Health Net initially operated as a non-profit organization. It was founded in 1977 and switched to commercial activities in 1992.
The company is headquartered in California, Health Net and has grown very quickly through mergers with other companies. As a result, it has become the fourth-largest insurance company in the country, offering coverage in 17 states. Today, all Health Net insurance programs offered by the company can be used for Americans across the country.
Individual plans are currently only available in states such as California, Oregon and Arizona. All other states are Medicaid and Medicare Veterans and Government funded.
Individual plans can be purchased for either one person or all employees of one organization.
An EnhancedCare PPO can also be purchased, which provides minimal coverage and ends with the Platinum 90 plan. Both of these plans are almost the same, however have some differences, which are determined by the applicant’s zip code and price, which includes additional costs for certain options, deductible fees and co-insurance:
• Minimum coverage plan. This plan is for 3 primary health care visits with a small network of local doctors, free of charge. In addition, a maximum annual deduction and customer payout of US $ 7,350 becomes available. This plan covers all the services the company provides.
The rest of the plans are sorted by the degree of price reduction.
The next Bronze plan will cost $ 1,050 less than the previous one, namely $ 6,300 with a maximum cash payment of $ 7,000. There is no deduction for the first 3 visits to primary health care and the client must pay $ 75 for these 3 visits; this additional fee will be charged after the deductible is fulfilled until the maximum cash amount is reached.
• The Silver plan will cost the client $ 2,500 per person. A doctor’s visit will cost $ 35 and a specialist visit costs $ 75.

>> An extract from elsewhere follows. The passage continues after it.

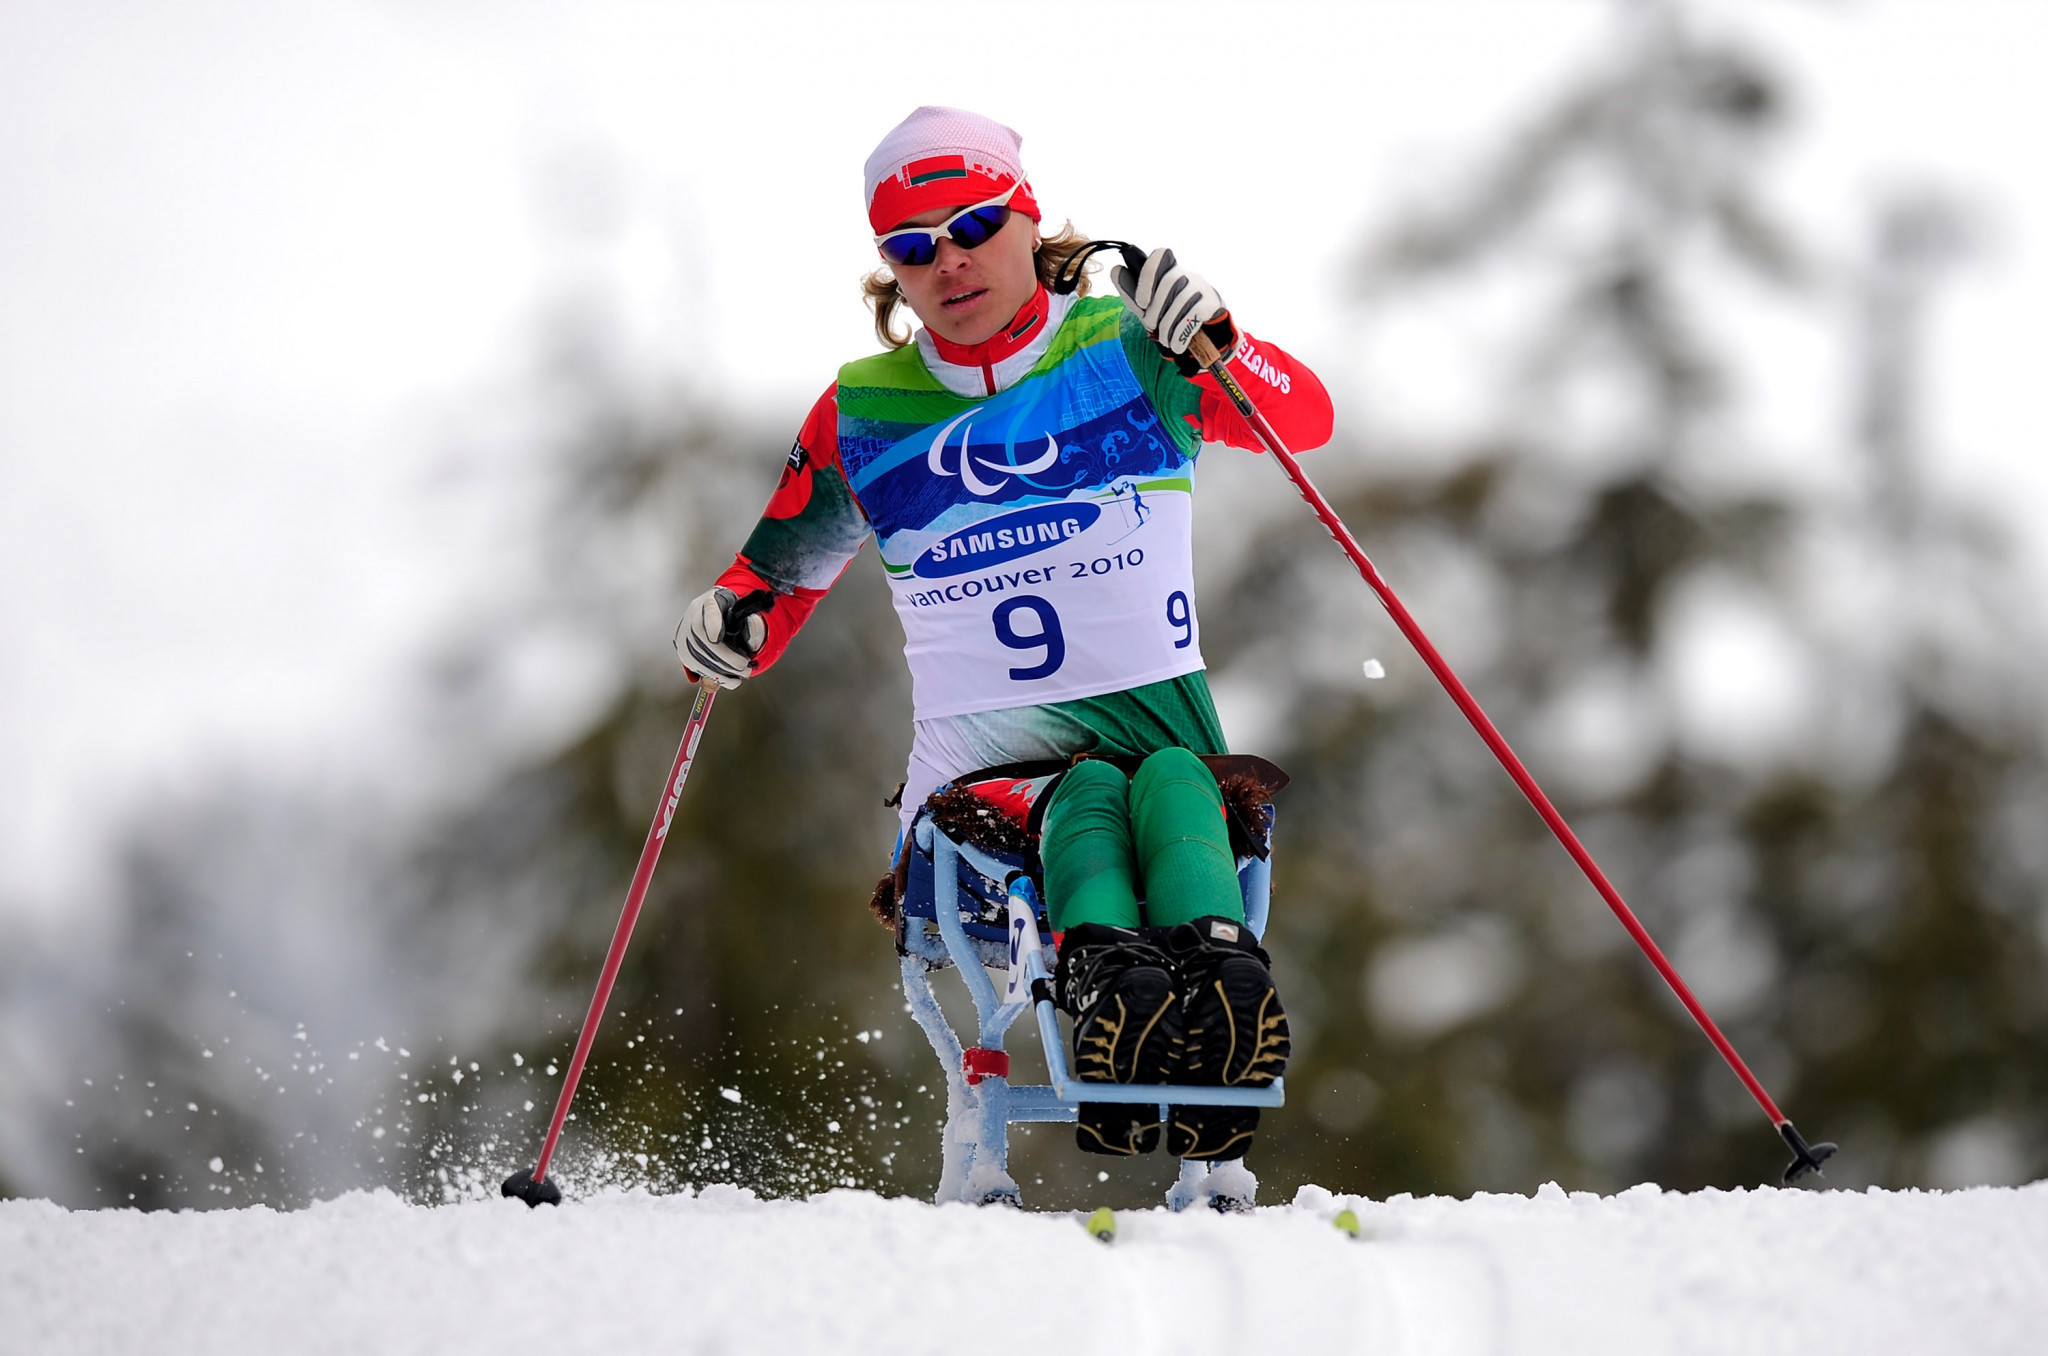 Multiple Paralympic medallist Vauchok to carry Belarus flag at Opening Ceremony of Pyeongchang 2018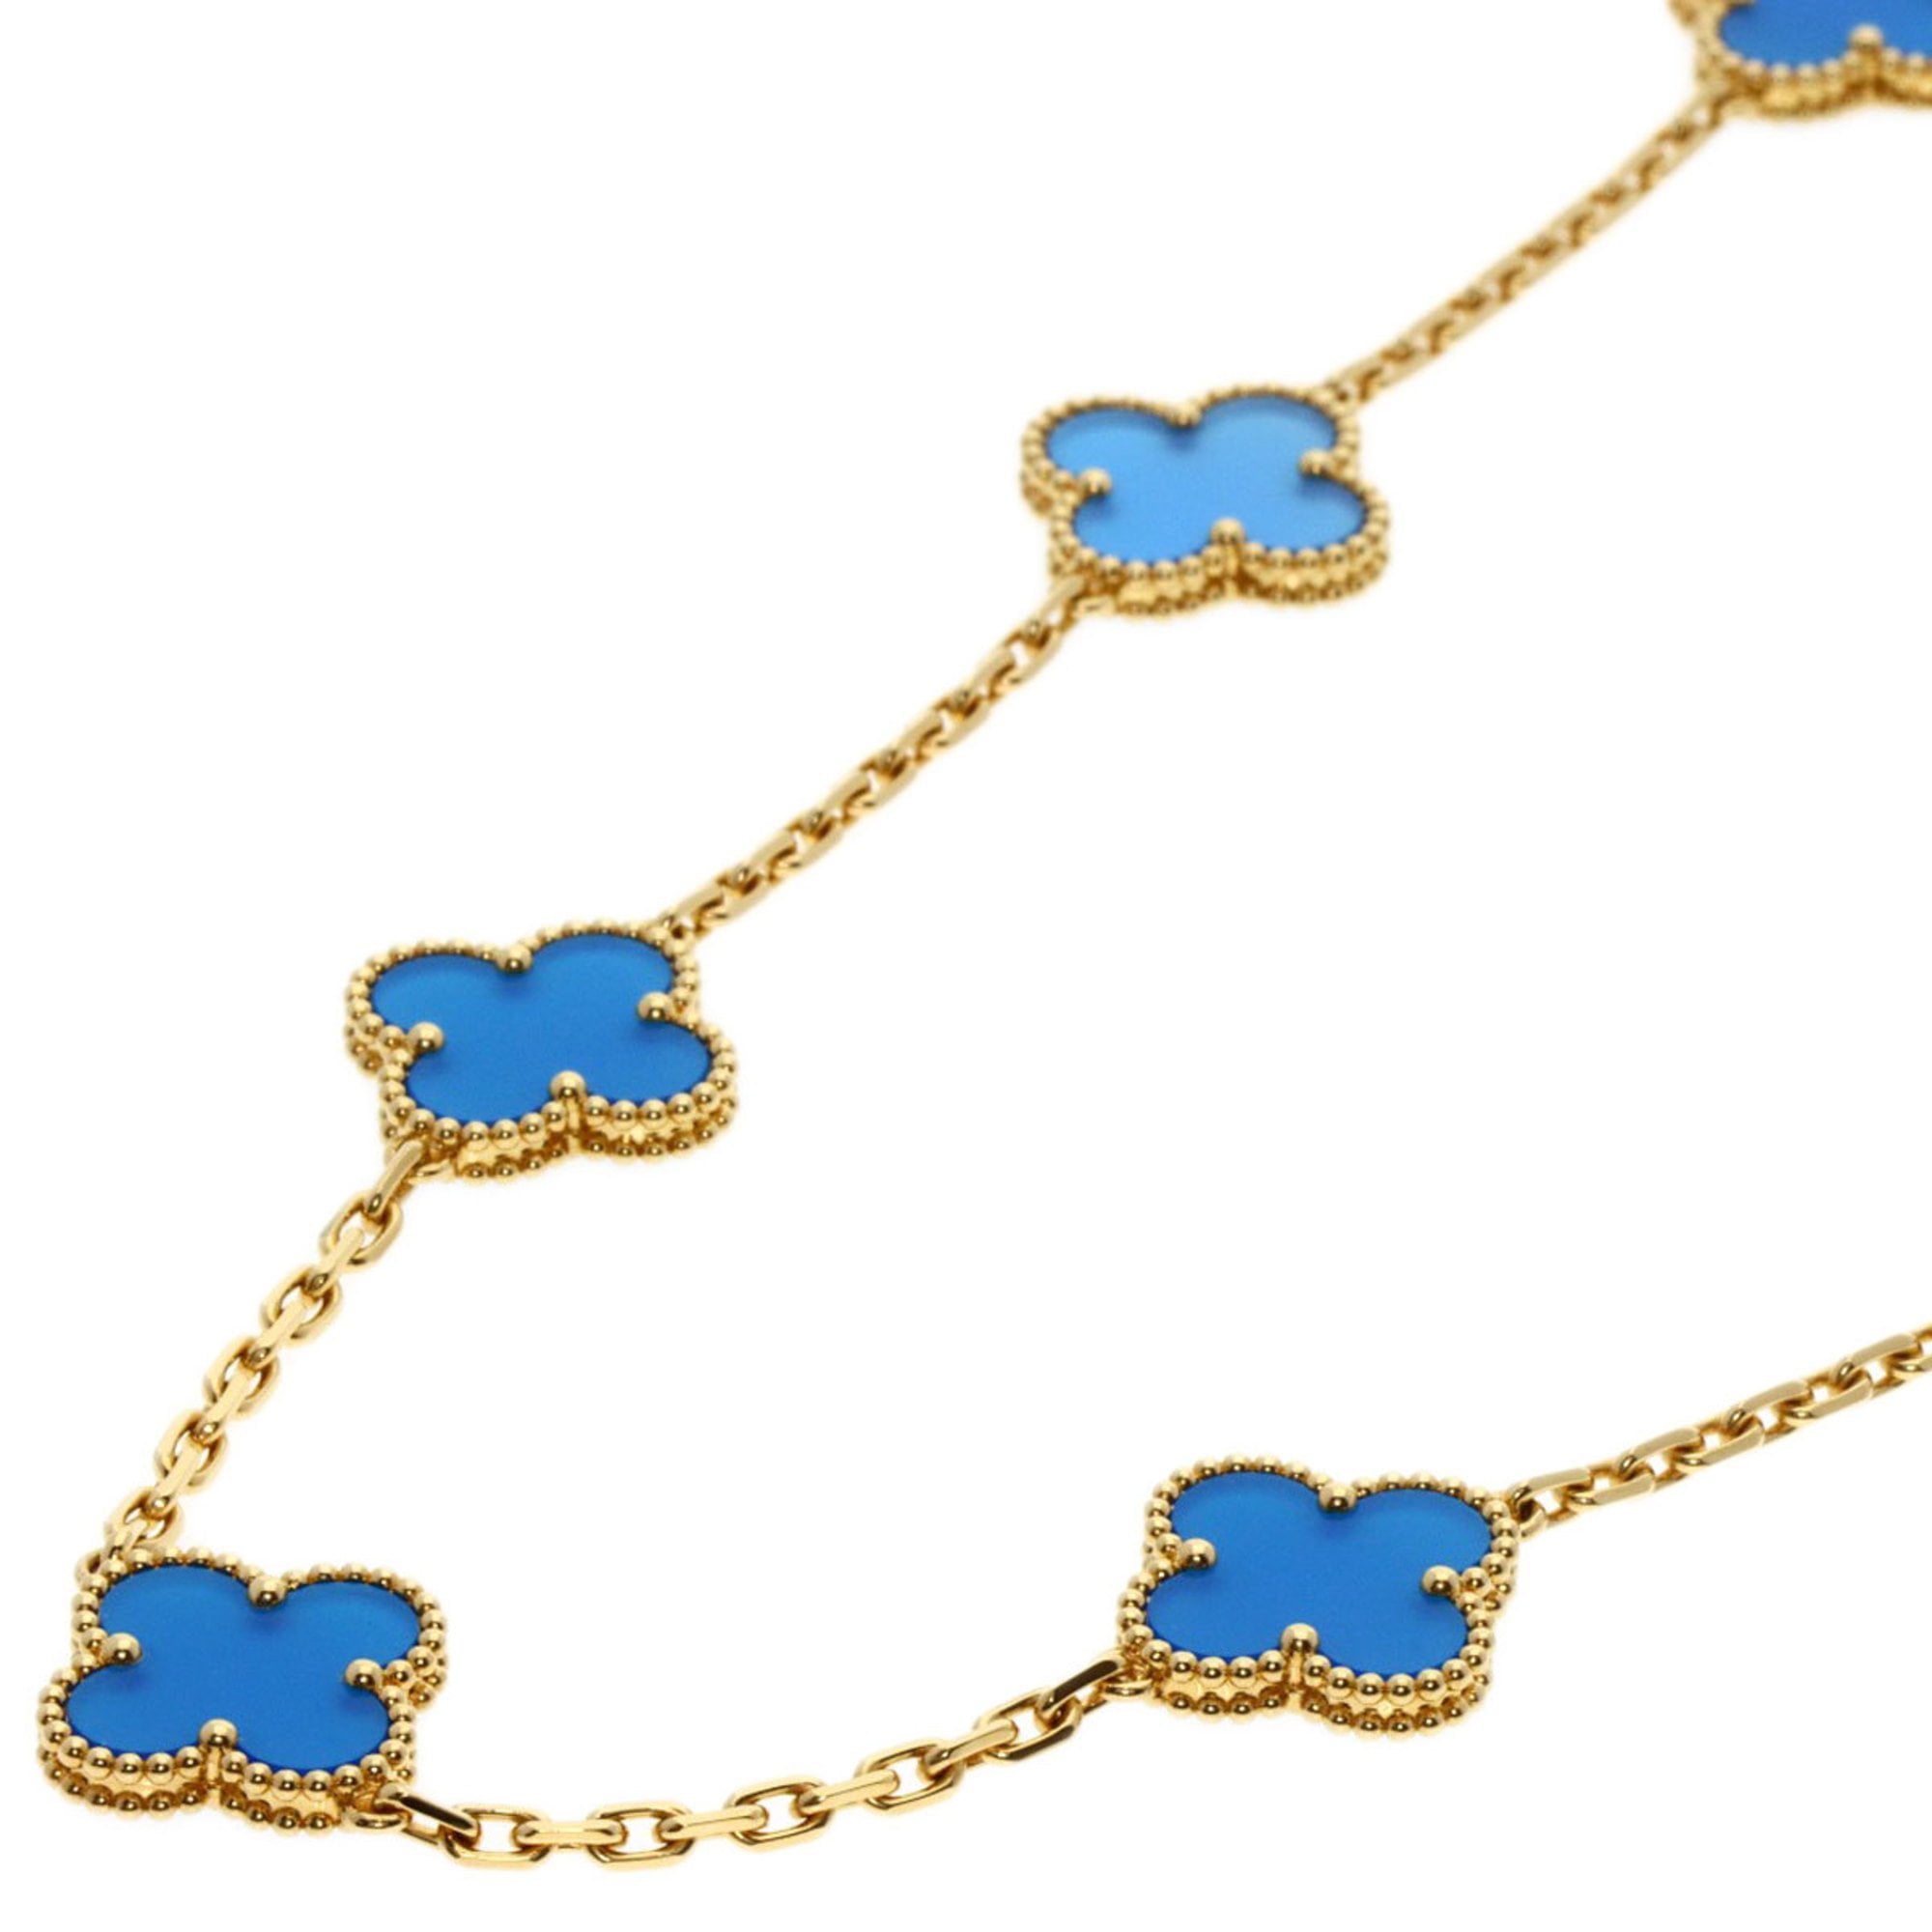 Luxury Designer Van Clover Black Clover Necklace With Four Leaf Clover Cleef  Flowers Fashionable Womens Jewelry From Picril1999, $6.76 | DHgate.Com

• The Gold plan is non-deductible and requires a payment of $ 25 for primary care and $ 55 for specialist services.
• The Platinum plan works in much the same way as the Gold plan. The price goes even lower: the client pays $ 15 for primary health care and $ 30 for specialist services.
Such insurance presupposes the existence of an “insurance network” with doctors and specialists, a number of clinics and affordable treatment. All of the plans above are services such as emergency care, prescription drug coverage, outpatient surgery, and hospital treatment.
Another Health Net’s Covered California Plan is required to cover additional health care services and basic minimum benefits as regulated and established by law. The organization is among the insurance companies that receive subsidies for the Obama Care plans, also known as the Affordable Care Act. The main criteria for coverage is coverage of the 10 most basic benefits. These include preventive services, prescription drug coverage, maternity and newborn treatment, including dental care. This health plan also includes screening and treatment for vision and dental problems in people under the age of 19.
Families with income less than 400% of the federal poverty level are eligible for financial assistance (“subsidy”) that reduces their Covered California deductible. If the income of individuals falls below four hundred percent, additional discounts are issued that reduce the cost of medical services.
The company is focused on the client and makes sure that the insurances are available to all US citizens regardless of their financial situation, nationality and gender. Qualified health insurance can be purchased from agents, Medicare, Group Coverage, Human Resources, or directly from the Health Net insurer.